12 September 2016 /
Build in Geneva
For our build in Geneva, where we have equipment in a third data-centre, our focus was on business continuity and resilience. We chose to expand abroad to give us extreme diversity of energy supply, network connectivity, and even geo-politics. We tried to continue these themes of reliability as much as possible with the infrastructure build in Geneva, which is a little easier for us as a “boutique” hosting provider because we are comfortable being very hands-on with hardware, software, routers, switches, and electronics. Having planned the overall architecture in spring, we began purchasing equipment in July with some slightly unusual requirements:
- a mix of traditional “spinning rust” and SSDs allowing us to balance performance and capacity by using technologies like bcache
- disks were sourced from three separate suppliers (two in the UK, one in Germany) so as to minimise the chance of all drives being from one batch in the hope of reducing common-mode failures
- the disks are all — somewhat ironically — CCTV models, built specifically to withstand higher temperatures that are common in hidden-away CCTV systems (or in our case, data-centres with no chilling equipment besides what might be fairly warm air from outdoors)
- servers sourced from more than one location
- cryptographic key material for routers’ and VPNs’ SSL certificates was generated on an air-gapped system with hardware RNG
- install sources downloaded and checksums verified on firewalled hardware running a less ubiquitous hardware architecture: PowerPC G5
- visual, temperature and humidity monitoring via a Raspberry Pi, Pi Camera, and Pi Sense HAT
- remotely-managed PDUs connected to diverse power feeds to be installed by the data-centre electricians by special request
- connectivity for another RIPE Atlas probe provided to us at UKNOF35
The routers arrived first, and so we began configuring what would become our core network.

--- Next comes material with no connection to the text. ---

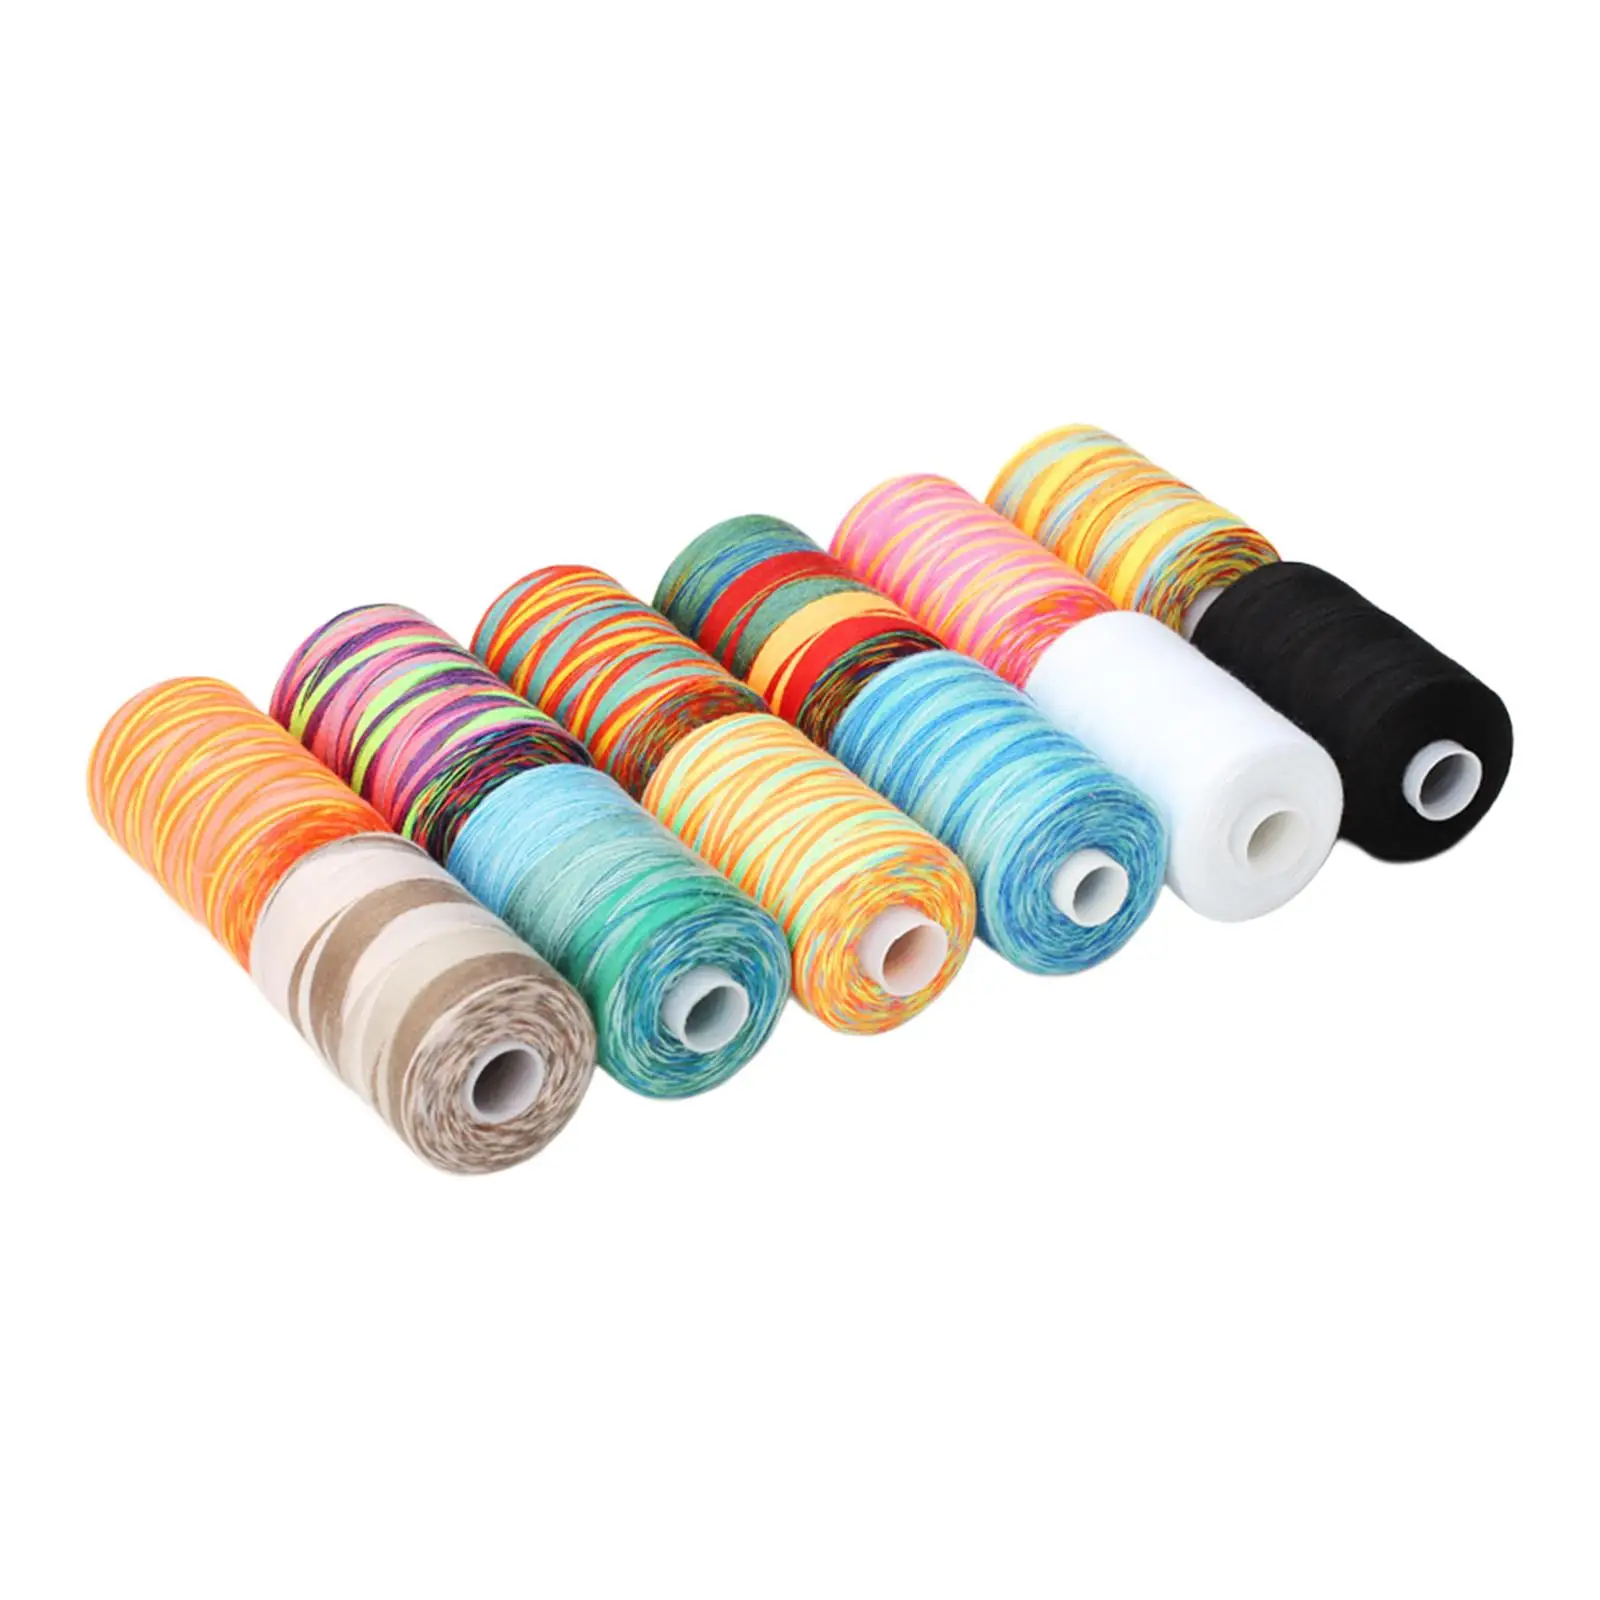 12 Pieces Multicolor Sewing Thread Set Multi Purpose Polyester Thread Spools for Cross Stitching Sewing Quilting Supplies

This started out effectively as a secure enclave within our office, statefully firewalled off and only able to connect outwards to fetch software updates. Once the routers and switches were ready we began to prepare the servers.
At Faelix we heavily use automation wherever possible, and the plan for our virtual server cluster in Geneva was to deploy and manage it using SaltStack. After making some modifications to our Salt States as used on our cluster in Manchester, and adding some improvements learned from a year of experience, it was just a single “highstate” command to bring the new cluster into configuration. Coincidentally, England was then blessed with a heatwave — the perfect opportunity to stress-test the new arrivals! They ran for a couple of days at full tilt, generating lots of heat and testing their RAM sticks, and no crashes or errors were detected.
The week before we travelled was something of a whirlwind as components were still arriving, final configuration changes had to be tested, we were attending UKNOF[UKNOF], and we still had to pack everything into boxes for the long drive down to Geneva. Thankfully it all fitted into two cars — only just! — and, (tongue in cheek) continuing our theme of diversity, we each took separate routes for the 800-mile drive before converging upon the data-centre.
Work to bring the equipment online took a few days: racking up, cabling, testing, minor tweaks to configurations all required a little time. Finding a suitable mounting for the environmental monitoring Pi proved a little tricky. There were a few other minor hiccups along the way but eventually, late on Friday, we were confident enough in the setup to switch on all the servers before retreating to a local eatery for a fantastic dinner.
A few more days of testing then followed while upstream providers updated their prefix filters. We wanted to do our own reachability testing, and check that various internal systems were working correctly before we made any announcements.
Overall we have found working with the Infomaniak team to be a pleasure. In particular I would like to thank to Matteo (colocation specialist) and Rene (network operations) for their work welcoming Faelix to Geneva.
It’s been a year in the making, but finally we’re able to take orders for hosting in a 100% renewable energy powered facility with PUE <1.1 in a well-connected country within Europe that has judicial oversight of Internet surveillance.